**Data excerpt**

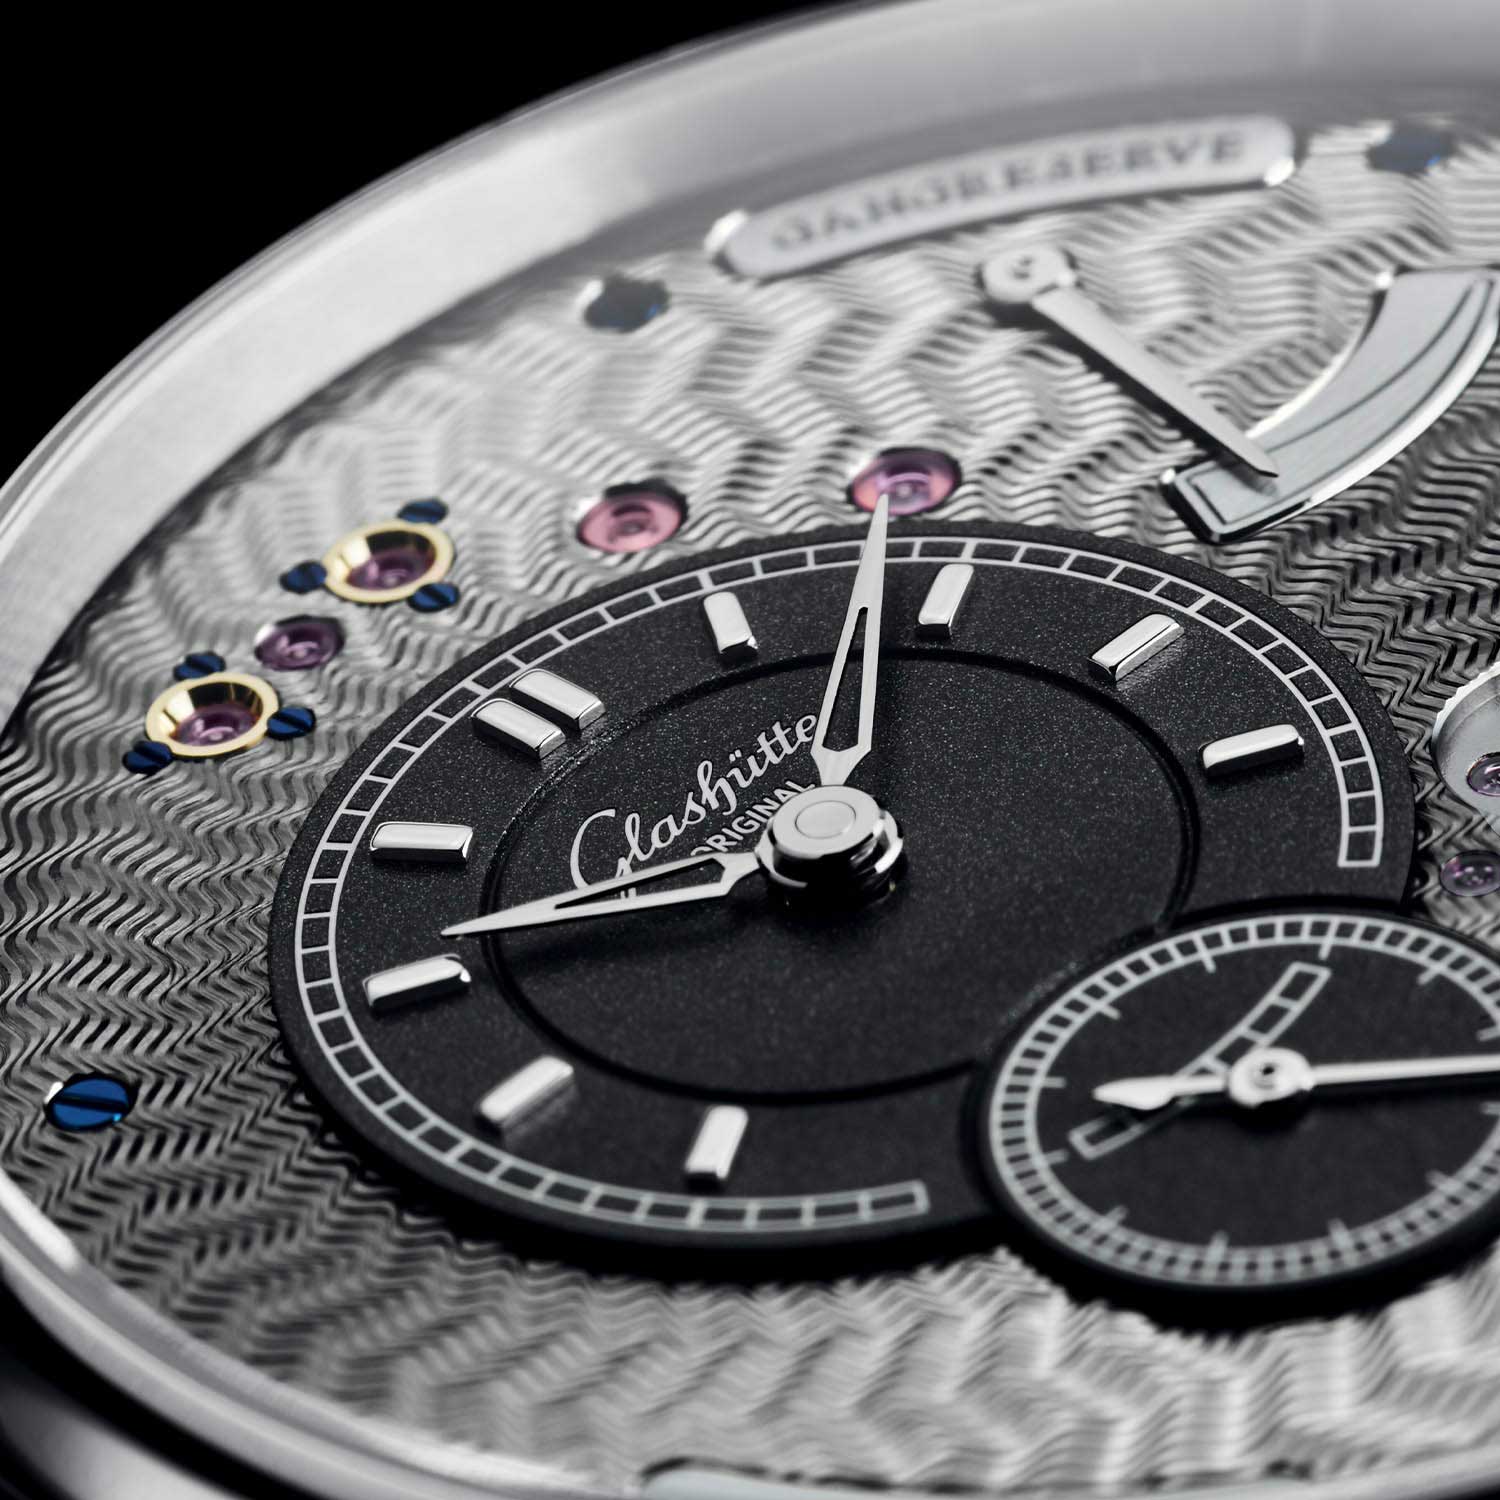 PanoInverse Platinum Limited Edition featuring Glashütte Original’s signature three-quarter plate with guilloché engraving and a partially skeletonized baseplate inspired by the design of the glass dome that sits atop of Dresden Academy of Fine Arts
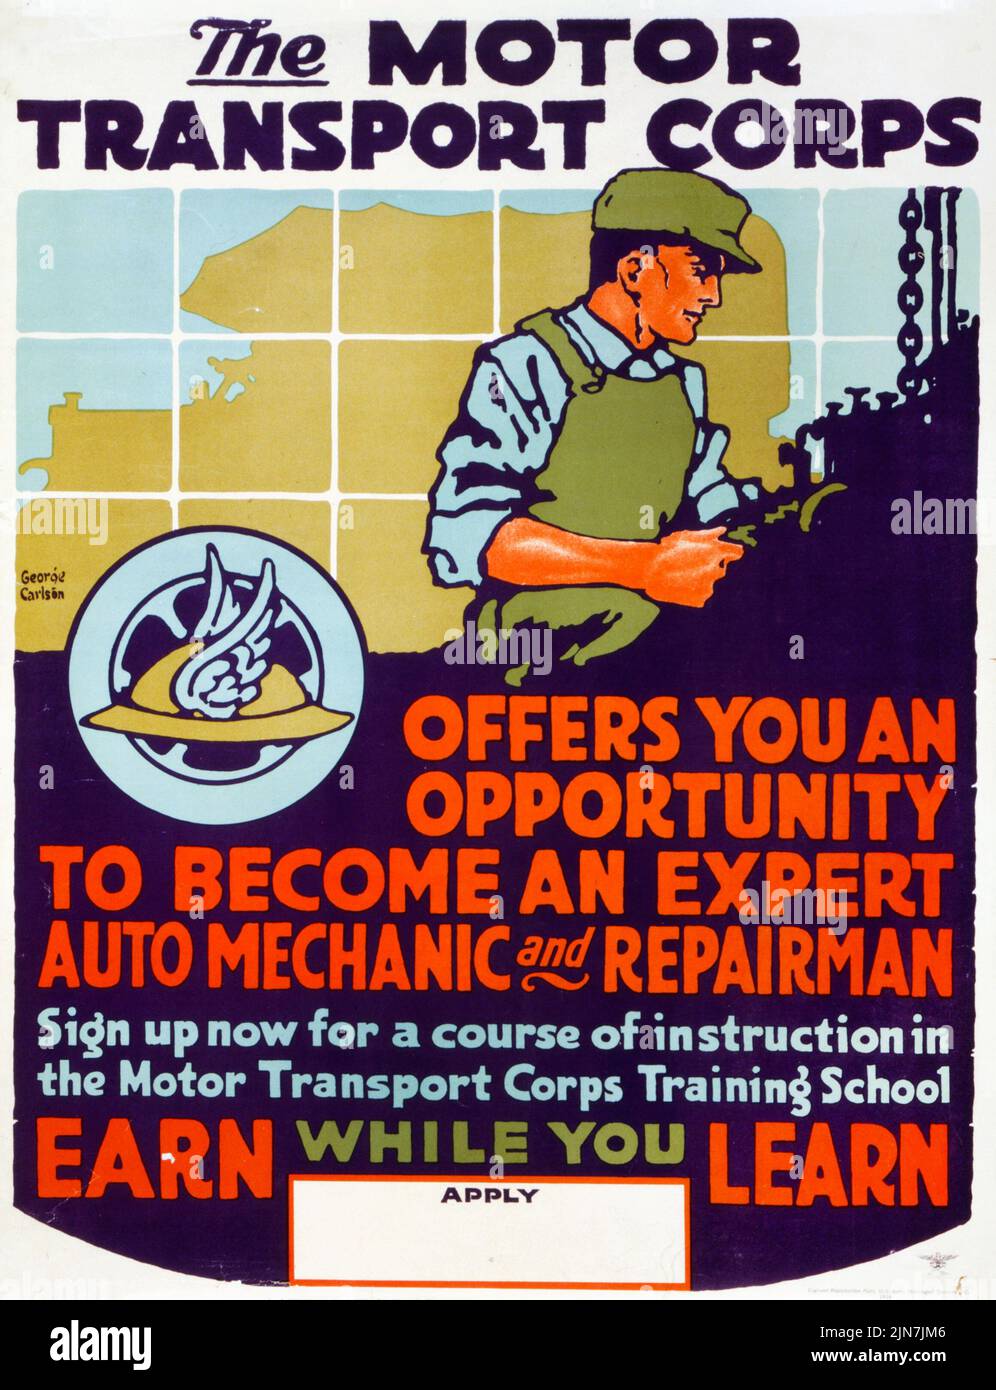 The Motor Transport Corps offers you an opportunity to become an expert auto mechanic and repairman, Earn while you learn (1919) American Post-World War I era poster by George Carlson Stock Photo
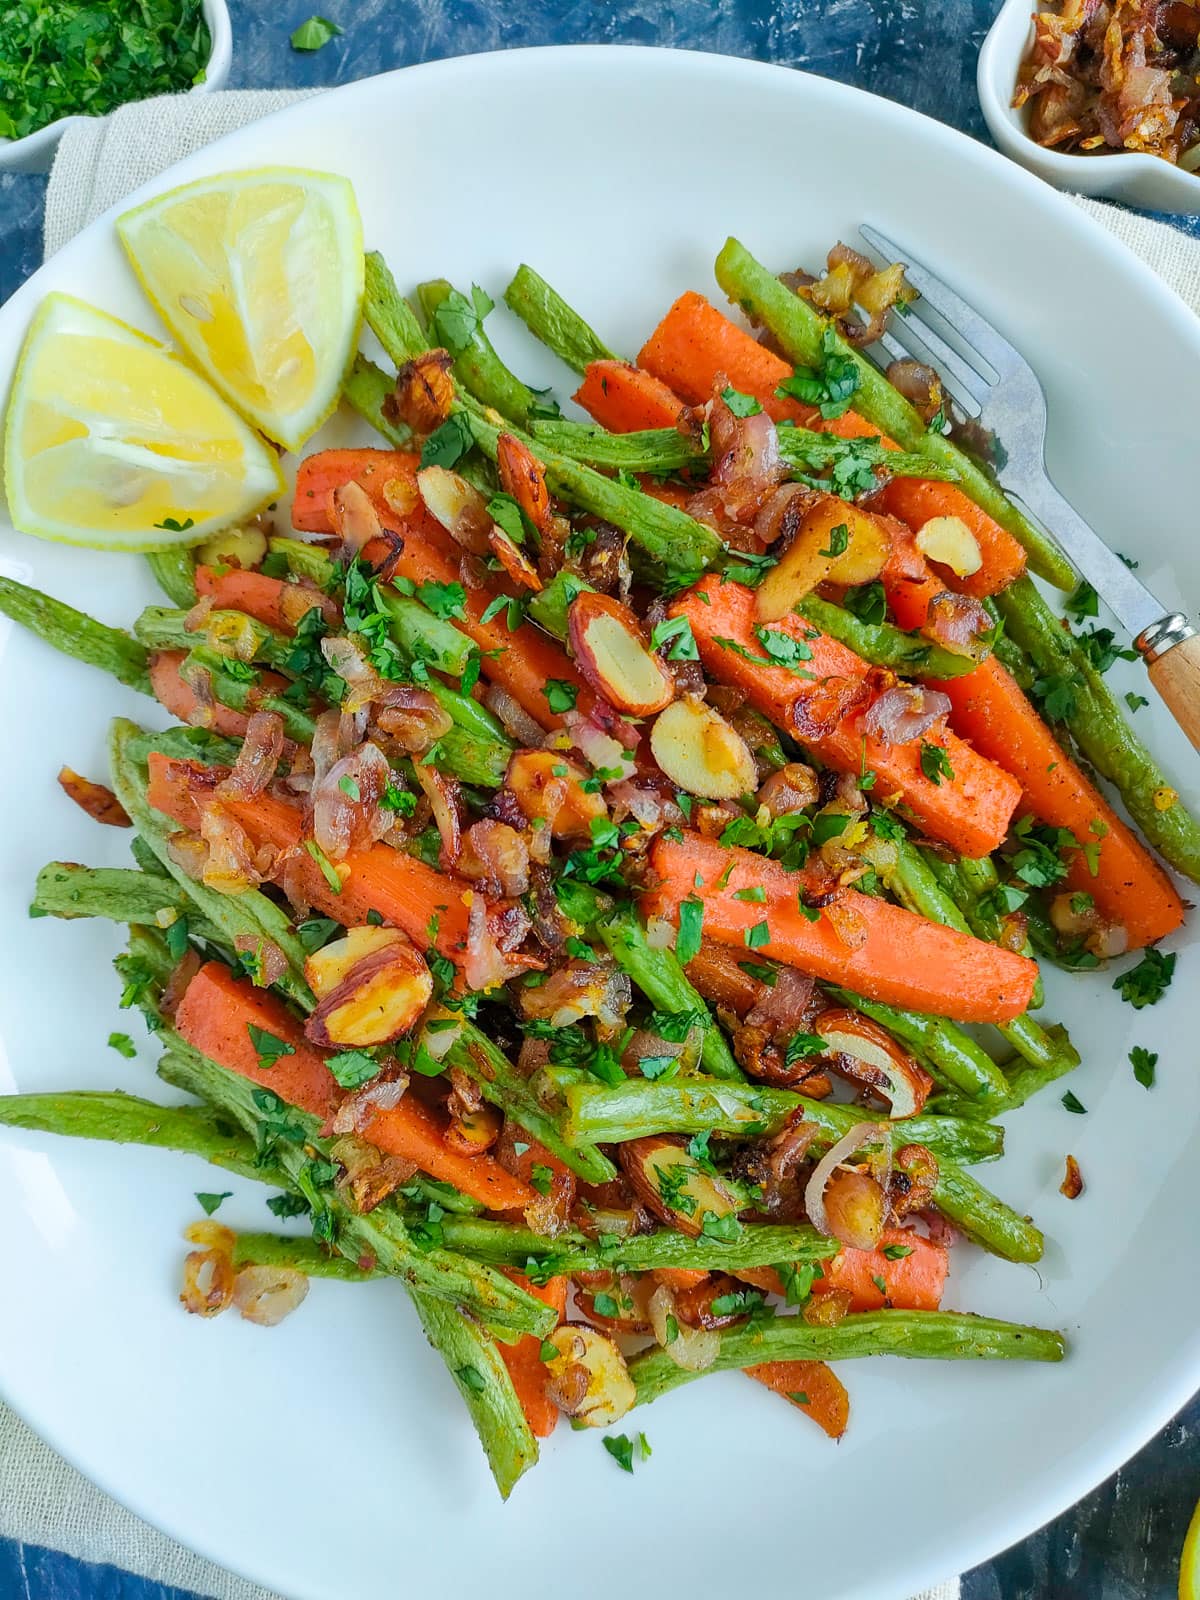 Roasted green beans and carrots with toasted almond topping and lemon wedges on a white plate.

**The problem**
Take the line with "The Motor Transport" and every line after it through the end of the data, and write only them out exactly, leaving out the pictures.

**The answer**
 The Motor Transport Corps offers you an opportunity to become an expert auto mechanic and repairman, Earn while you learn (1919) American Post-World War I era poster by George Carlson Stock Photo
 Roasted green beans and carrots with toasted almond topping and lemon wedges on a white plate.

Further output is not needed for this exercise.